Construction of a nondeterministic FSM is accomplished by adding an ambiguous transition. That is, one or more transitions in the FSM accept the same input symbol. Creation and consumption of a trivial nondeterministic FSM are demonstrated in the following example.

using System.Diagnostics;
using System.Linq;
using Jolt.Automata

void CreateAndConsumeFSM()
{
  FiniteStateMachine<char> fsm = new FiniteStateMachine<char>();
  
  fsm.AddStates(new[] { "start", "first", "second", "final" });
  fsm.StartState = "start";
  fsm.SetFinalState("final");
  
  fsm.AddTransition(new Transition<char>("start", "first", 'a'.Equals));
  fsm.AddTransition(new Transition<char>("start", "second", 'a'.Equals));
  fsm.AddTransition(new Transition<char>("first", "final", 'b'.Equals));
  fsm.AddTransition(new Transition<char>("second", "second", 'b'.Equals));
  
  IFsmEnumerator<char> enumerator = fsm.CreateStateEnumerator(EnumerationType.Nondeterministic, fsm.StartState);
  foreach (char inputSymbol in "ab")
  {
    if(enumerator.MoveNext(inputSymbol)
    {
      Console.Write("Number of current states: ");
      Console.WriteLine(enumerator.CurrentStates.Count());	  
    }
  }
  
  Debug.Assert(fsm.Consume(EnumeratorType.NonDeterministic, "ab").IsAccepted);
}



When an enumerator detects an invalid input symbol (i.e., no valid transition from the current state for the given input symbol), it moves to the implicit error state. This state has no outbound transitions and thus any further input symbol consumption will not move the enumerator to another state. The implicit error state is named Jolt.FSM.ImplicitErrorState, and information about the symbol-sequence rejection is obtained as depicted in the following example.

using System;
using Jolt.Automata;

void WriteFinalState(IEnumerable<int> inputSymbols)
{
  FiniteStateMachine<int> fsm = new FiniteStateMachine<int>();
 
  fsm.AddStates(new string[] { "start", "final" });
  fsm.AddState("Jolt.FSM.ImplicitErrorState");  // Throws -- state name is reserved.
  fsm.StartState = "start";
  fsm.SetFinalState("final");
 
  fsm.AddTransition(new Transition<int>("start", "final", n => n == 100));
 
  ConsumptionResult result = fsm.Consume(EnumerationType.Nondeterministic, new int[] { 200 });
  if (!result.IsAccepted)
  {
    foreach(string state in result.LastStates)
    {
        Console.Error.WriteLine(state);
    }

    Console.Error.WriteLine(result.LastSymbol);
    Console.Error.WriteLine(result.NumberOfConsumedSymbols);
  }
}


The FiniteStateMachine class uses a QuickGraph graph for data storage, allowing natural conversion between the two data types.
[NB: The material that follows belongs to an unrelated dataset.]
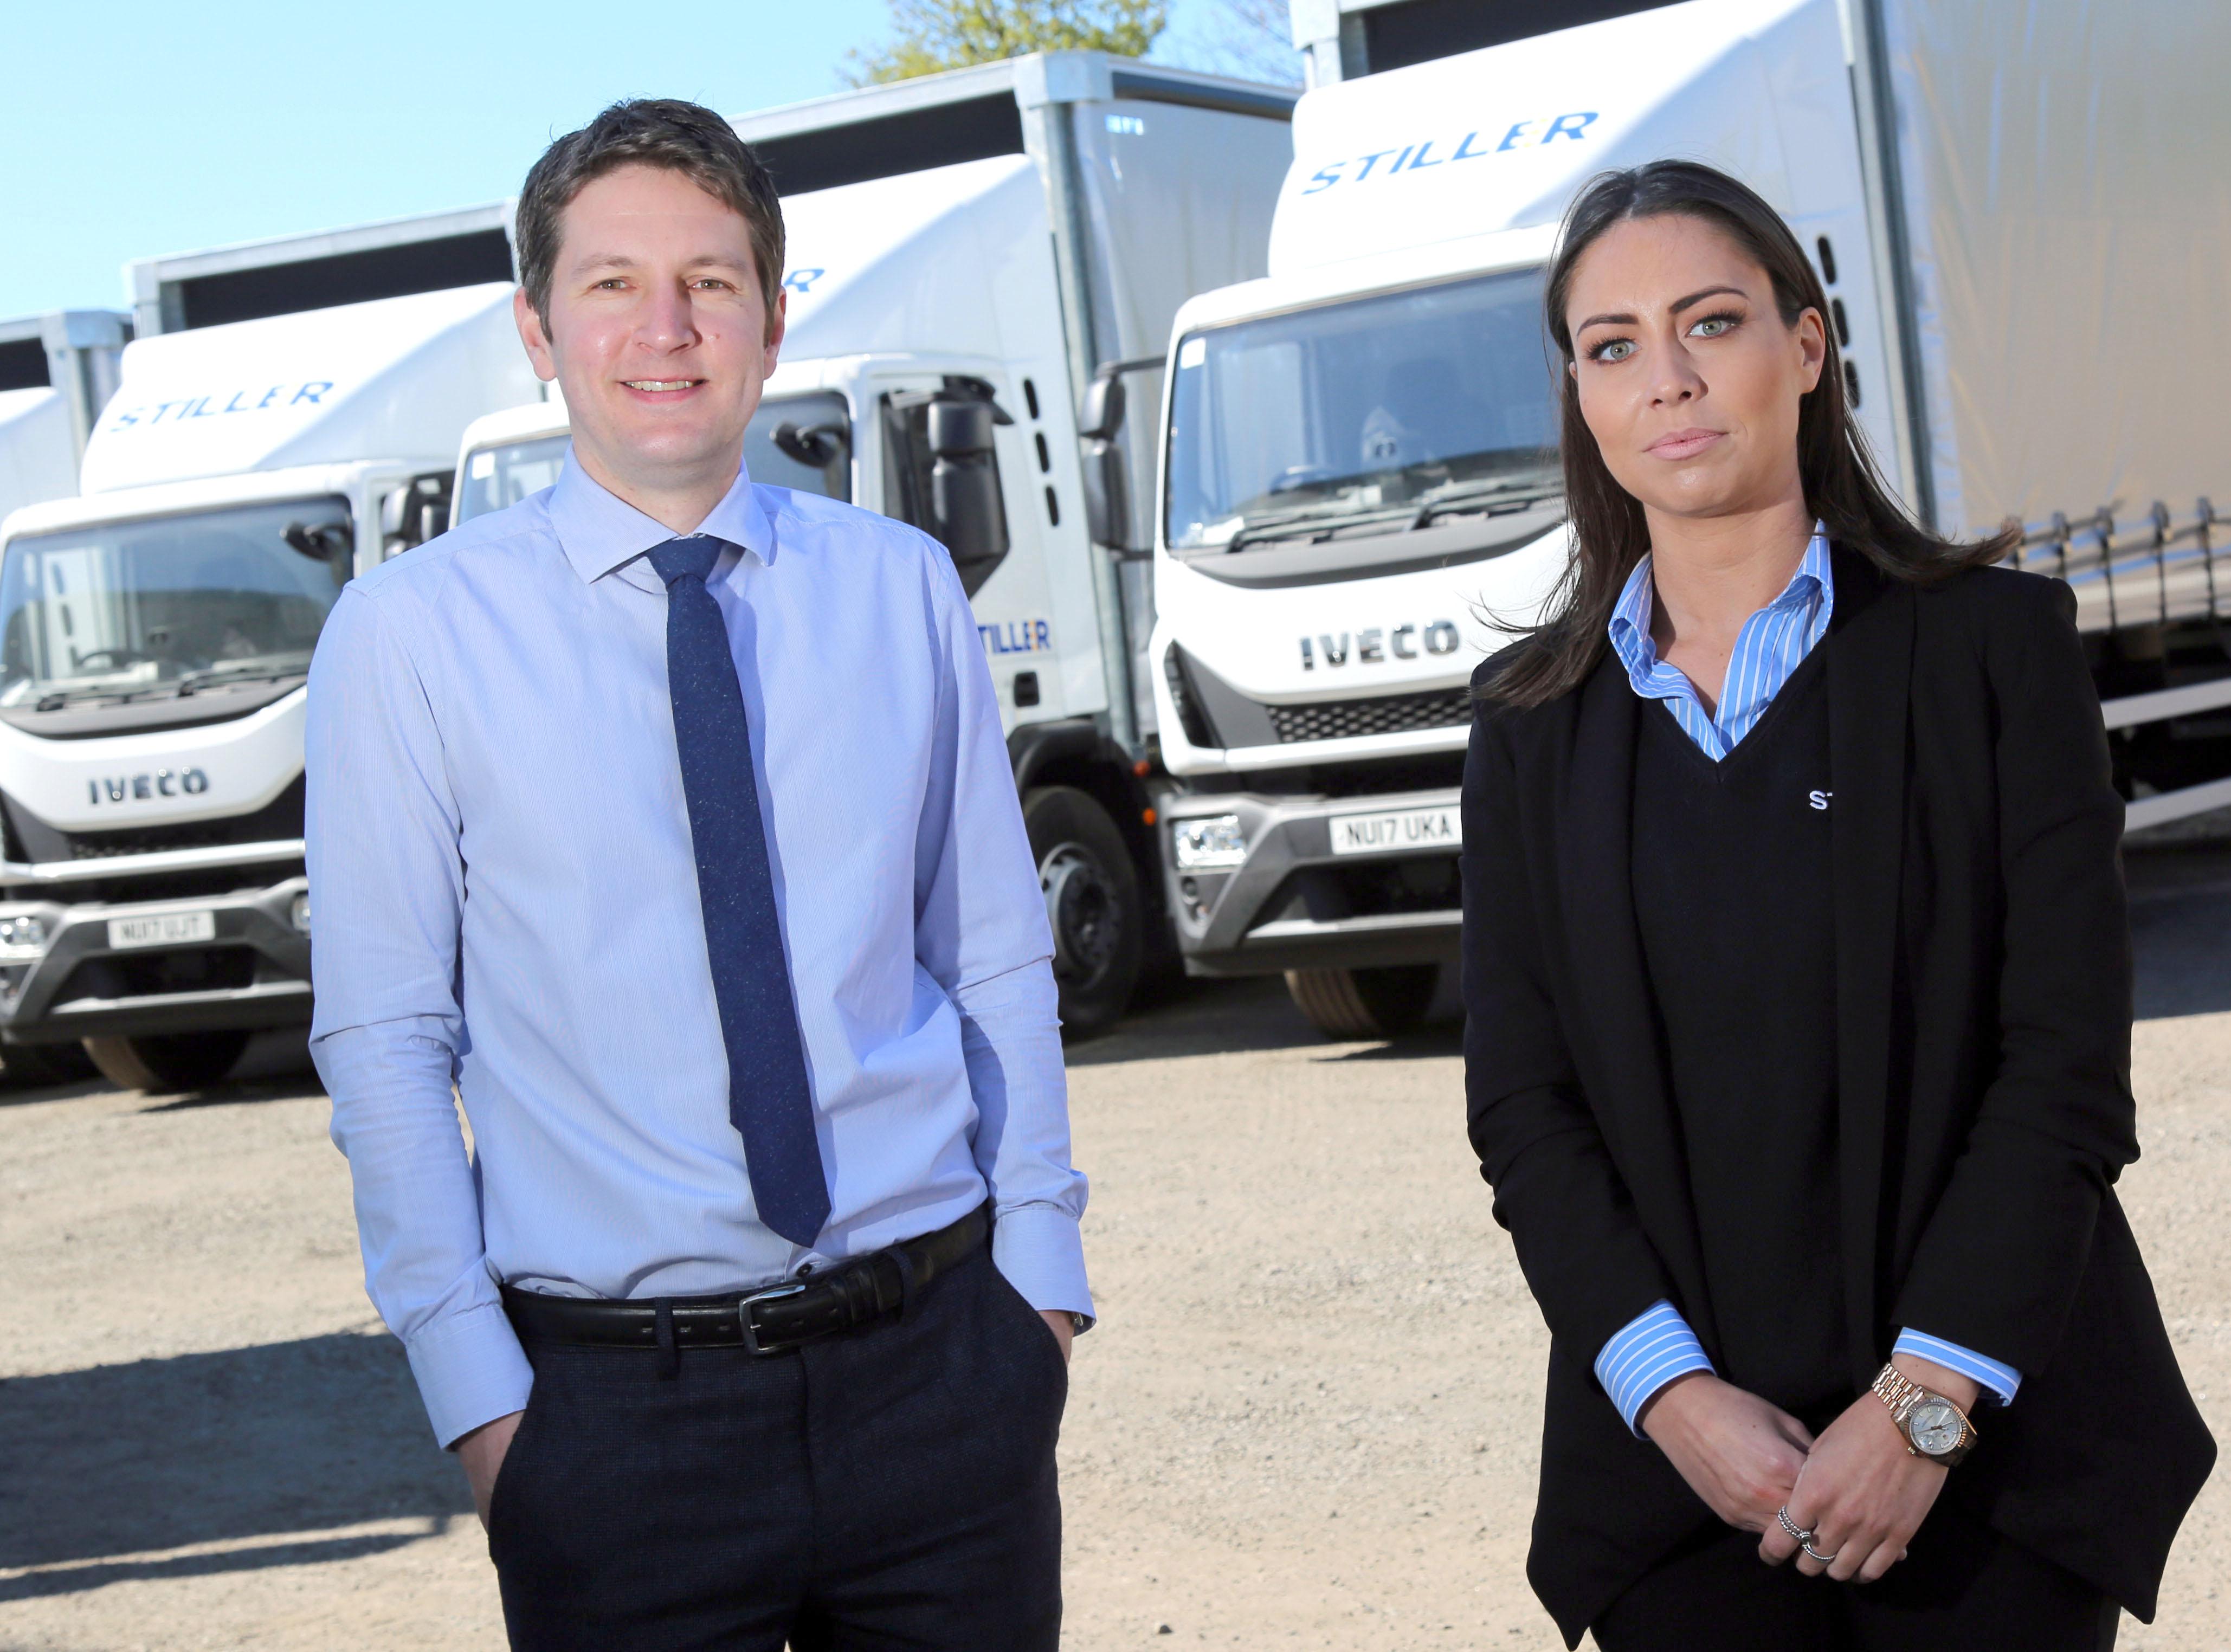 Stiller Invests £280K In New Ultra-Safe Trucks

The following example demonstrates how to construct an FSM from a corresponding graph. Note that this operation creates a copy of the graph, allowing for changes between the two objects to progress independently.

using System;
using System.Linq;
using QuickGraph;
using Jolt.Automata;
 
void CreateFsm<TAlphabet>()
{
  // Create a graph.
  BidirectionalGraph<string, Transition<TAlphabet>> graph = new BidirectionalGraph<string, Transition<TAlphabet>>();
  graph.AddVerticesAndEdge(new Transition<TAlphabet>("start", "finish", inputSymbol => true));
  graph.AddEdge(new Transition<TAlphabet>("finish", "start", inputSymbol => true));
 
  // Convert to FSM.
  FiniteStateMachine<TAlphabet> fsm = new FiniteStateMachine<TAlphabet>(graph);
  fsm.StartState = "start";
  fsm.SetFinalState("finish");
 
  // Manipulate graph and test FSM.
  graph.ClearEdges();
  Console.WriteLine(fsm.Consume(Enumerable.Repeat(default(TAlphabet), 4)).IsAccepted);
}

The following example demonstrates how to convert an FSM to a graph. Note that this operation does not create a copy of FSM prior to conversion. Hence, a change made to the resulting graph object is reflected in the FSM.

using System;
using System.Linq;
using QuickGraph;
using Jolt.Automata;
 
void CreateGraph<TAlphabet>()
{
  // Create an FSM.
  FiniteStateMachine<TAlphabet> fsm = new FiniteStateMachine<TAlphabet>();
  fsm.AddStates(new string[] {"start", "finish"})
  fsm.AddTransition(new Transition<TAlphabet>("start", "finish", inputSymbol => true));
  fsm.AddTransition(new Transition<TAlphabet>("finish", "start", inputSymbol => true));
  fsm.StartState = "start";
  fsm.SetFinalState("finish");
 
  // Convert to graph.
  IBidirectionalGraph<string, Transition<TAlphabet>> graph = fsm.AsGraph;
 
  // Manipulate graph and test FSM.
  graph.ClearEdges();
  graph.ClearVertices();
  Console.WriteLine(fsm.StartState == "start");
  Console.WriteLine(fsm.RemoveState("finish"));
}


GraphML serialization is accomplished through the FsmConverter class, as depicted in the following example.

using System.IO;
using Jolt.Automata;
 
void Serialize<TAlphabet>(FiniteStateMachine<TAlphabet> fsm)
{
  using (XmlWriter writer = XmlWriter.Create(Path.GetRandomFileName()))
  {
    FsmConverter.ToGraphML(fsm, writer);
  }
}

Serialization of the FSM from the error state example (less the erroneous operation) yields the following GraphML.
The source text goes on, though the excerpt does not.